По другую сторону, на серединке помоста, стоял посадник с «большими людьми». Василий Ананьин также успел постареть за это время. Лицо его осунулось, умные, ласковые глаза глубоко запали. Разве легко ему было сознавать, что в его именно посадничество такие великие беды обрушились на его город, на всю его страну!..

— Ах, детушки, детушки! Ах, посадничек, посадничек!.. — горестно качал головою вечевой звонарь, обозревая с высоты целое море голов новгородских. — Горьки, сиротски головушки!

Мужики посунулись к посаднику и к «большим людям», снявши шапки.

— Простите вы нас, окаянных! — кланялись они со слезами. — Согрубили мы вам — чинили свою волю да волю Марфину.

— Смилуйтесь, господо и братие, простите! — вопили мужики.

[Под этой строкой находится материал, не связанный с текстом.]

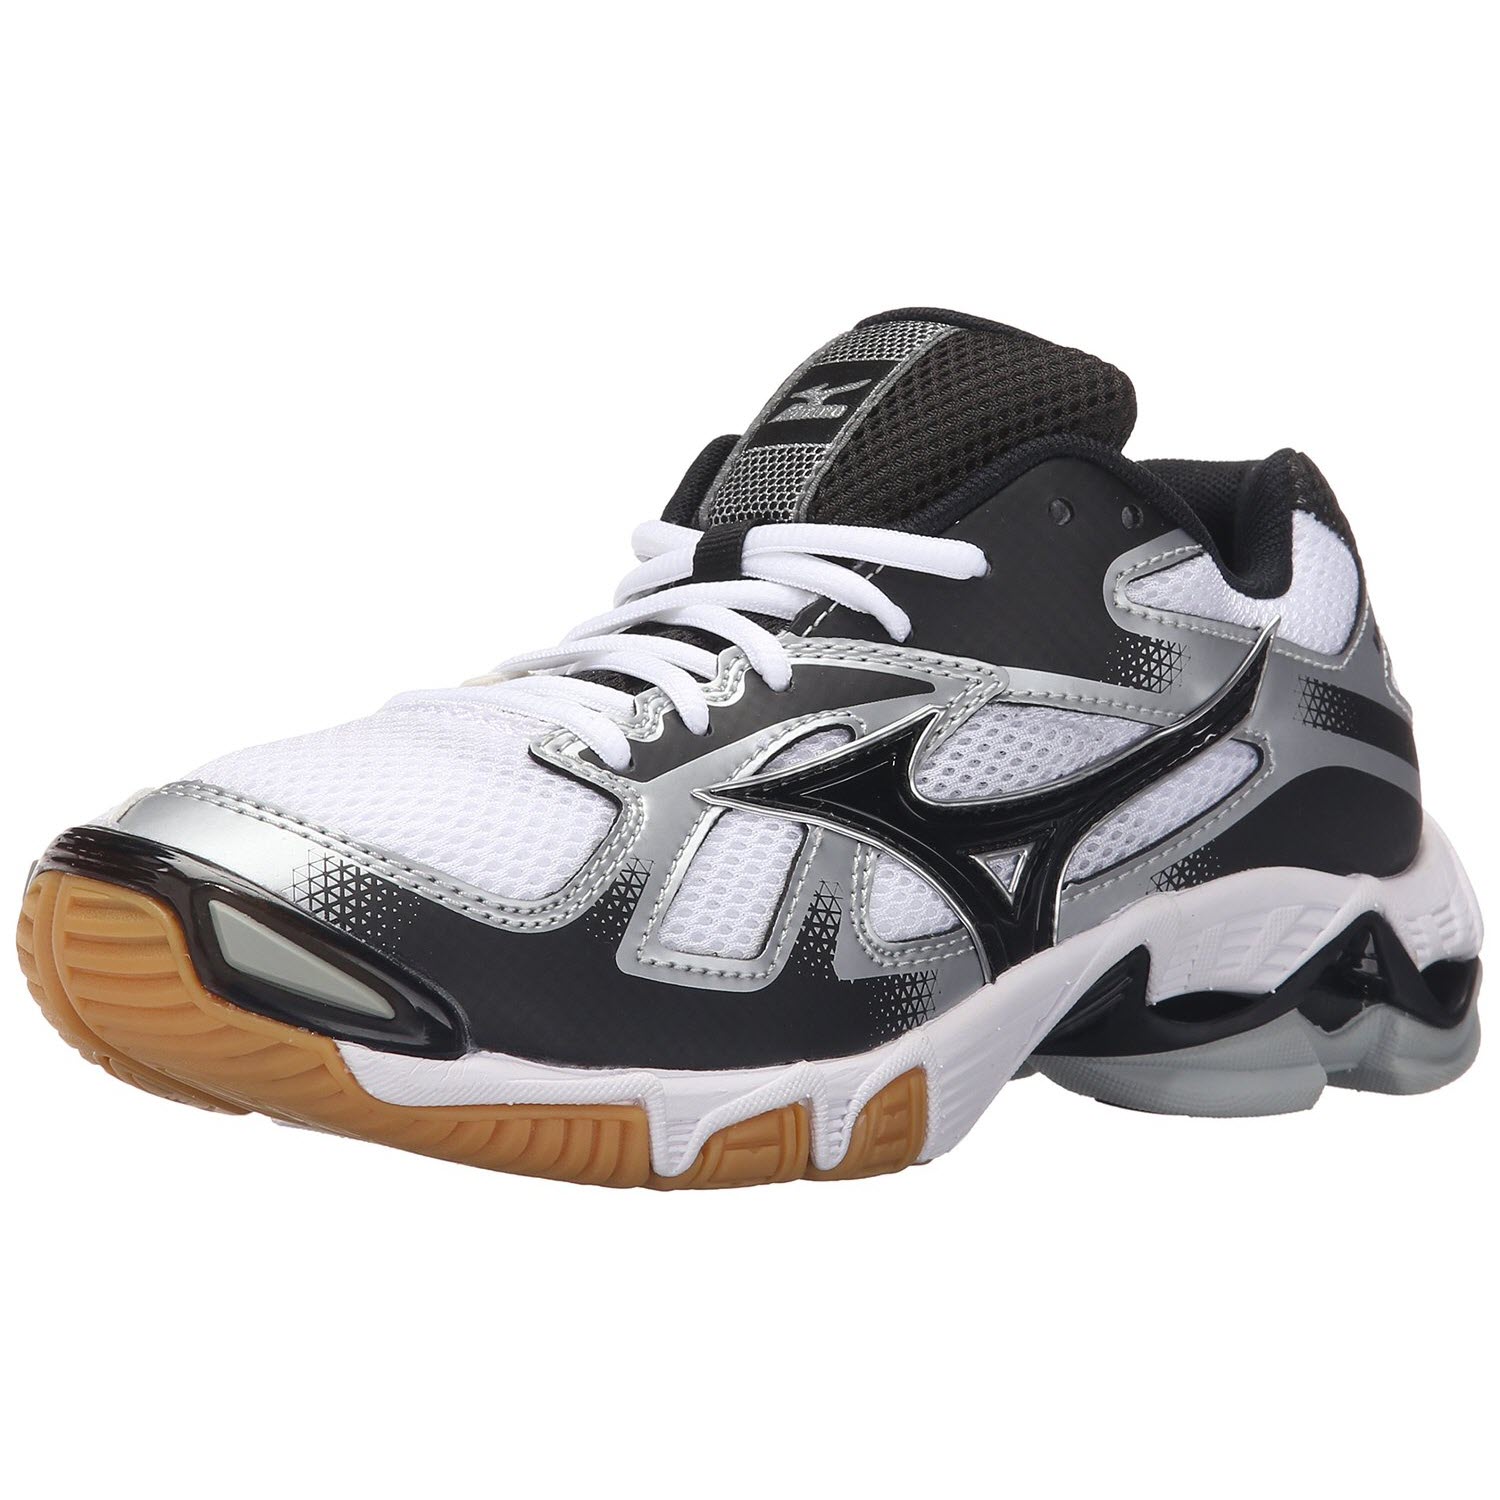 mizuno women's wave bolt 5 volleyball shoes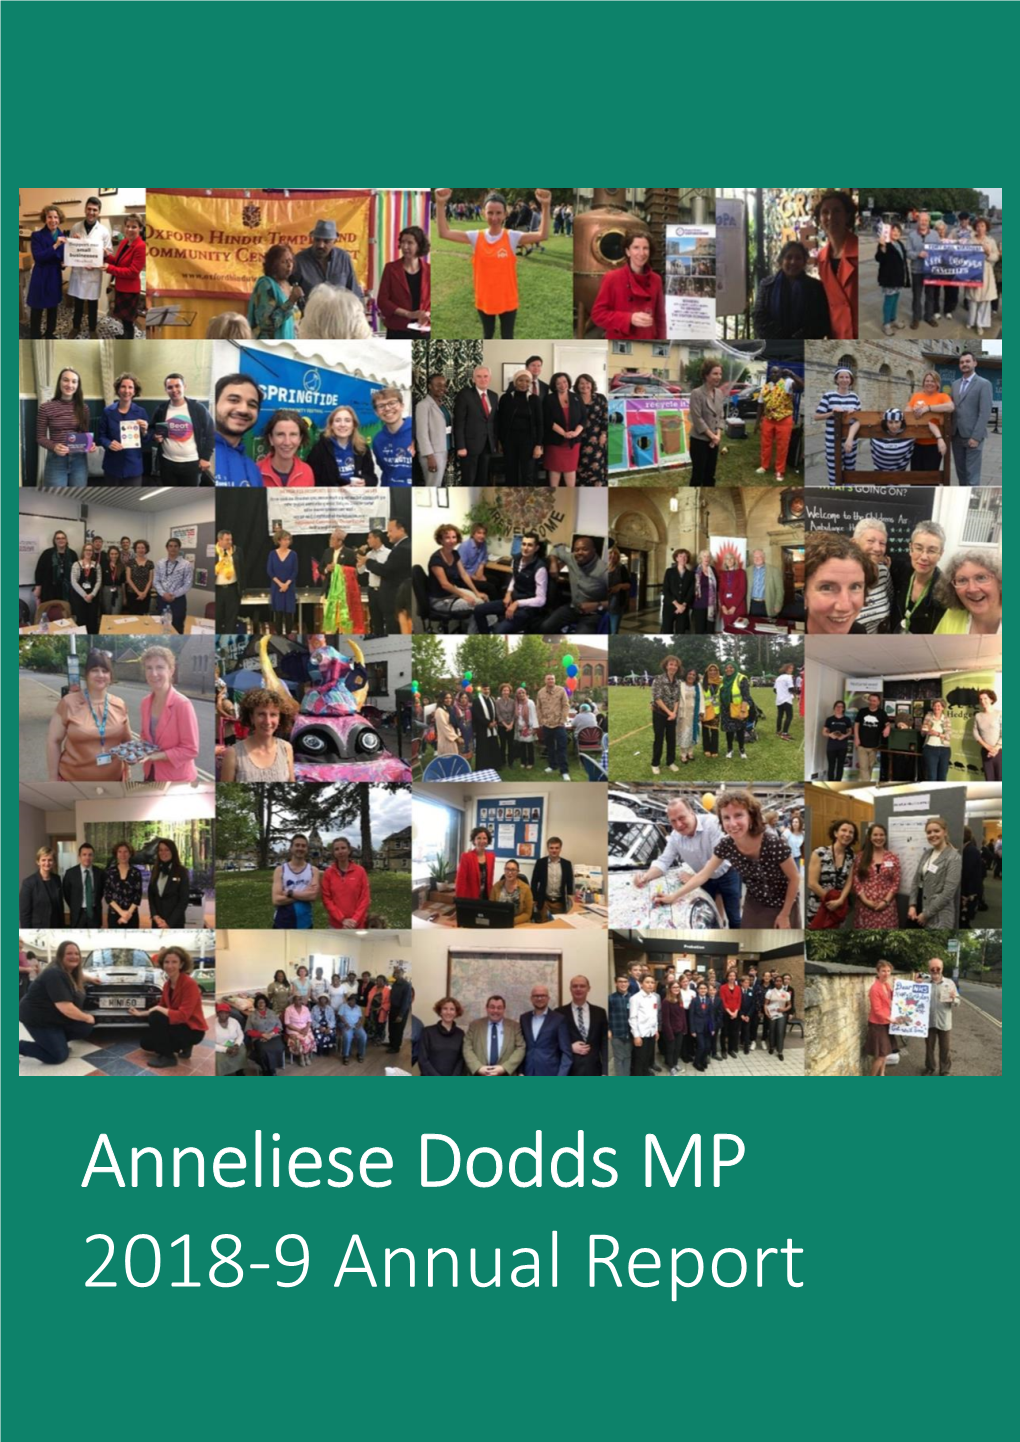 Anneliese Dodds MP 2018-9 Annual Report

— Смертный час пришел, батюшки! Научите вы нас.

— Не слушались мы вас, больших умных людей, себе на погибель и послушались безумцев, что и сами наглостною смертию пропали и нас под беду подвели...

— Смилуйтесь, родные! Теперь уж будем вас во всем слушать...

— Не будем вам перечить — ни-ни! Ни Боже мой!

— Пощадите нас и животишки наши, отцы родные!

— Не дайте Новугороду пропасть пропадом, миленькие! Идите добивать челом великому князю, чтоб помиловал нас, сирот горьких!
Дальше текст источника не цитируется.